Cuba and the Cameraman, a documentary without a critical spirit

Cuba and the Cameraman, a documentary without a critical spirit

HAVANA, Aug. 9th “When I arrived in Cuba I was in my early 20s and there were no cell phones. I came for 50 years.

I made friends with everyone to tell the story of the country”. The documentary maker Jon Alpert says those words while we see images of Havana during the funeral of Fidel Castro. Are the first minutes of Cuba and the Cameraman, the 2017 movie that can be seen on Netflix.

And those words are a good example of the spirit of the production.

Over the course of nearly two hours, Alpert’s work explores the life of Cuba through three families from rural and urban areas from the country. The American, who has an extensive career as a freelance journalist and filmmaker, visited them for decades and was recounting the changes in their lives.

Besides, tells some vignettes in the history of the country: the triumph of the revolution, the Mariel exodus, the Special Period, dependence on tourism and the country’s link with the United States.

The documentary maker becomes friends with his interviewees.

The documentary material is excellent. Not only because of the home registration of Cuban families -and their settings- over time, but also because of Alpert’s exclusive encounters with Fidel Castro; He was even the only American to travel with the president from Havana to New York for a UN assembly in 1979.

Your registration is always in a double role: him on camera narrating and also behind the camera.

The weakest point of the documentary is his lack of a critical look at the Cuban future. It shows the history and the difficulties of those families, to whose members he declares his friends. And ask questions like the following: “Why are you cutting cane and not doing other work?” “When are those syringes from? They look like they were from the last century! ” “Has anything changed here in recent years?”.

Without the help of others, you cannot make a good documentary. That is undoubted. But Alpert seems more concerned with those personal ties and with his character in history than with making sense of the country’s political problems.
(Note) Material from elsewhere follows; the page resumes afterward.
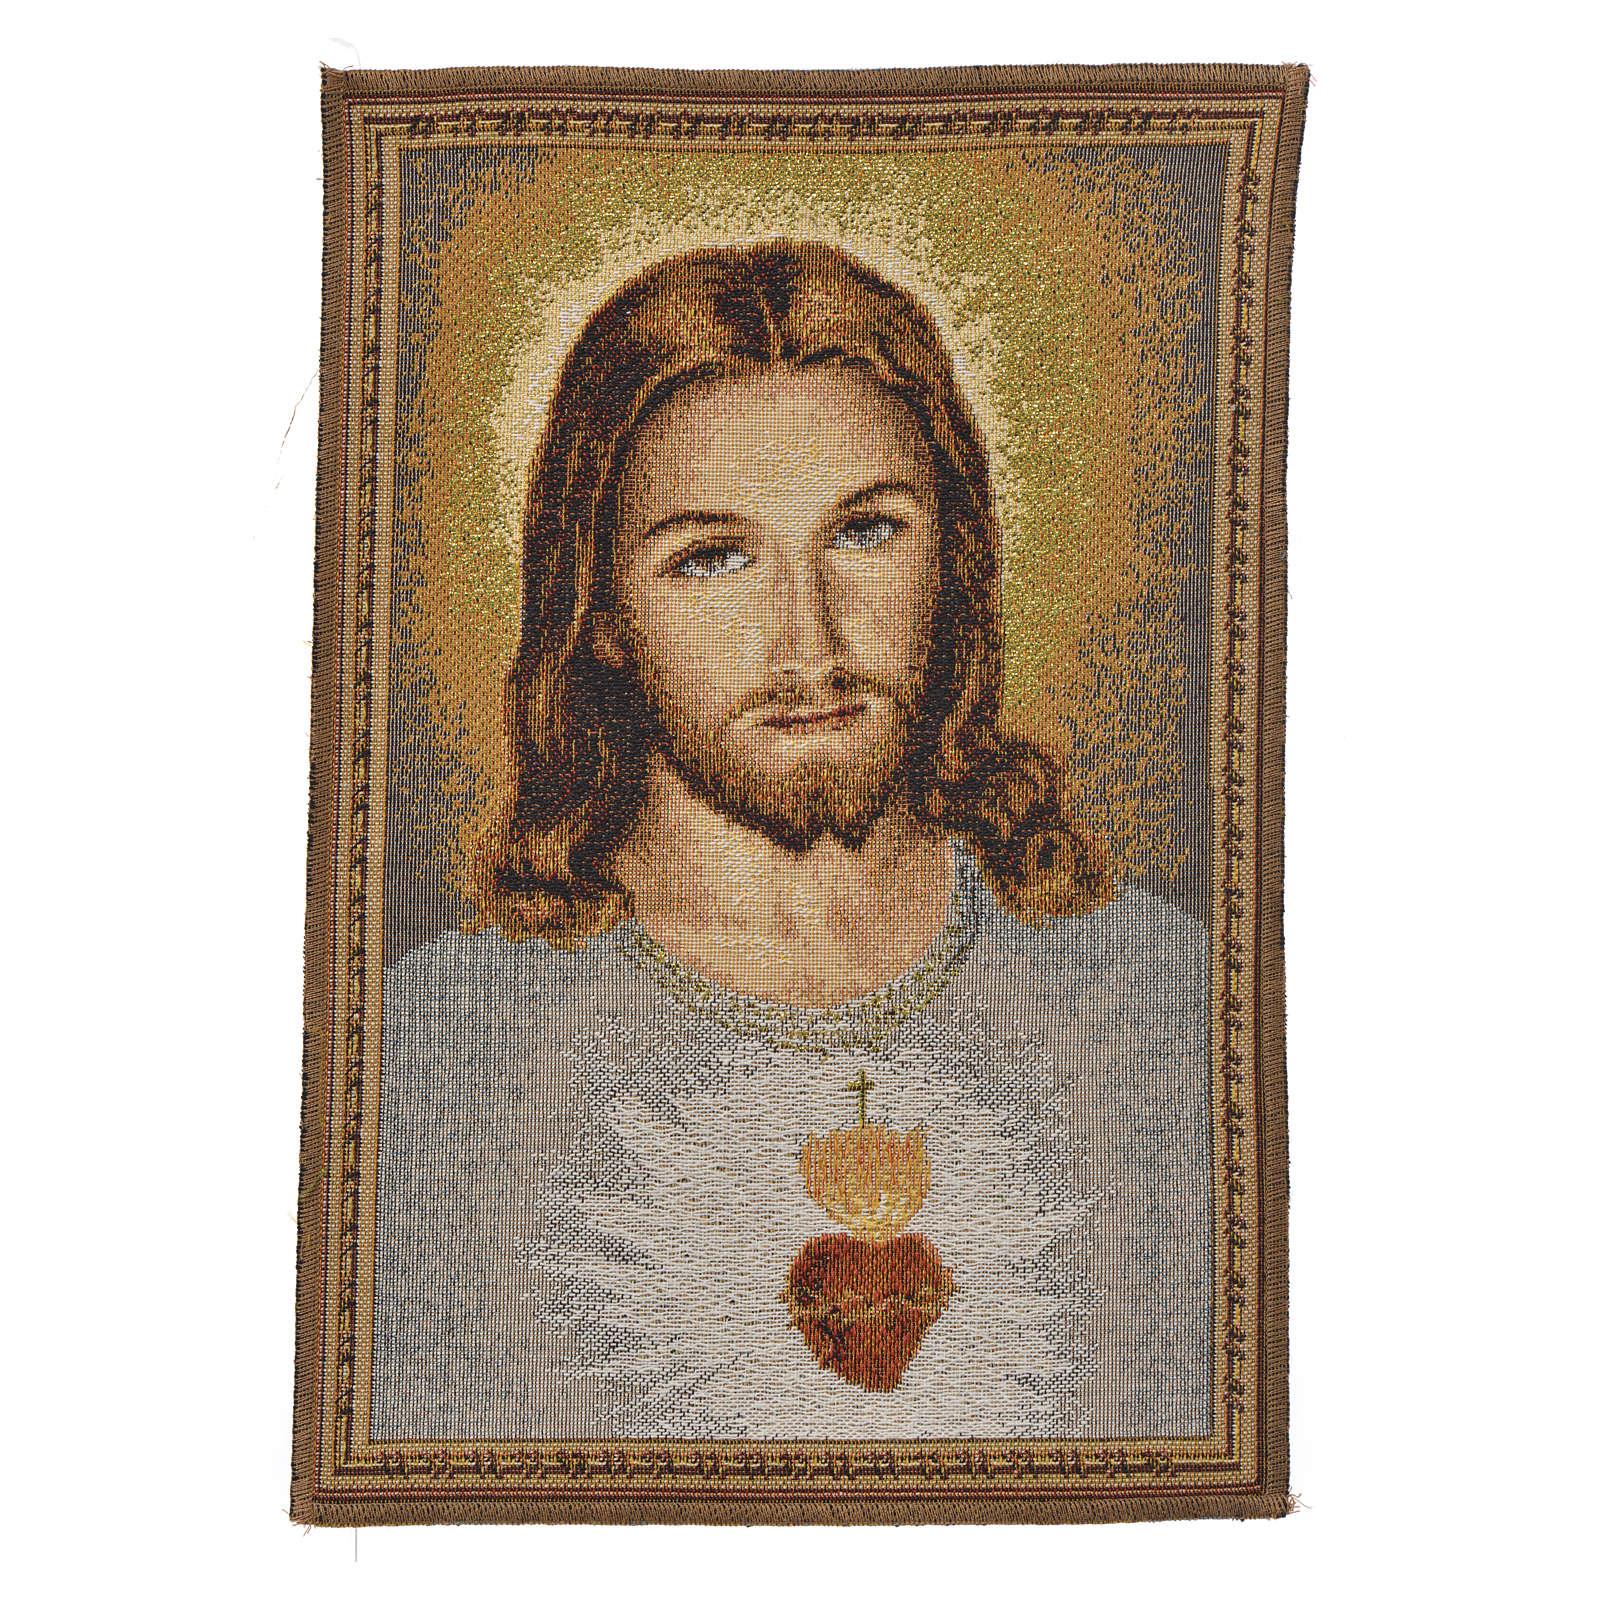 Tapiz con el Sagrado Corazón de Jesús 3 414971725d7
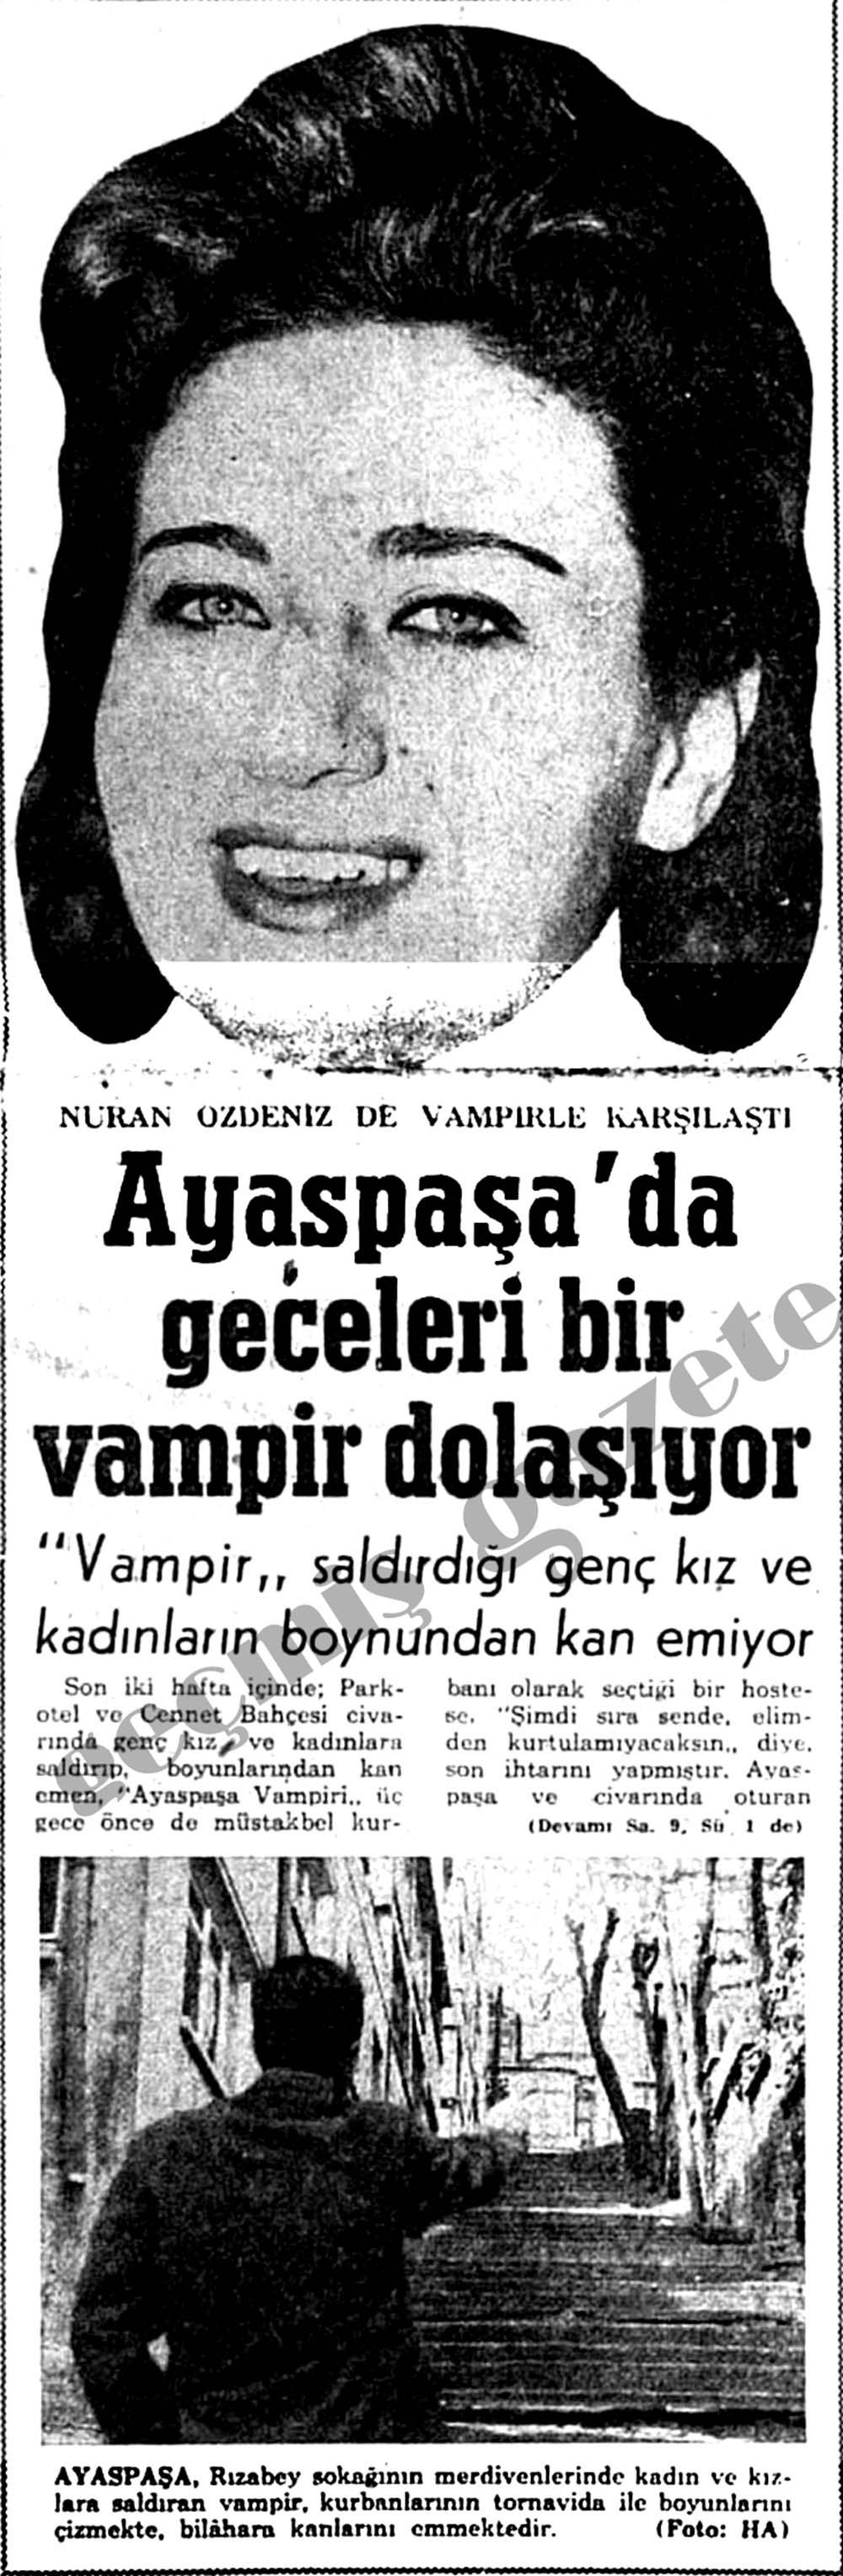 Ayaspaşa'da geceleri bir vampir dolaşıyor

He does not try to do it by asking or pondering what his camera shows.

Cuba and the Cameraman, a documentary without a critical spirit

Fidel Castro is a recurring figure in the Alpert documentary.

The man, who wears a shirt with his name embroidered on it, is personable, asks questions quickly and worries about the children’s future. He even buys a medical supply from one of his interviewees-friends; a material that, of course, is not possible to get on the island.

At times, Alpert achieves something difficult: build a documentary without political thought in a country like Cuba, with flat conclusions. For instance: “It hurt a lot to film my friends suffering”.

Throughout the entire documentary, he also does not explain how he managed to be one of the first American reporters to go to Cuba. He is always condescending and offers a friendly look at everything.

In one of his encounters with Fidel, whom he later asked to autograph a T-shirt, Alpert asks him if he wants to get rid of them. Castro answers: “No, not at all. You have not bothered me ”.

Documentary film Protagonists and creator: Jon Alpert Emisión: Netflix.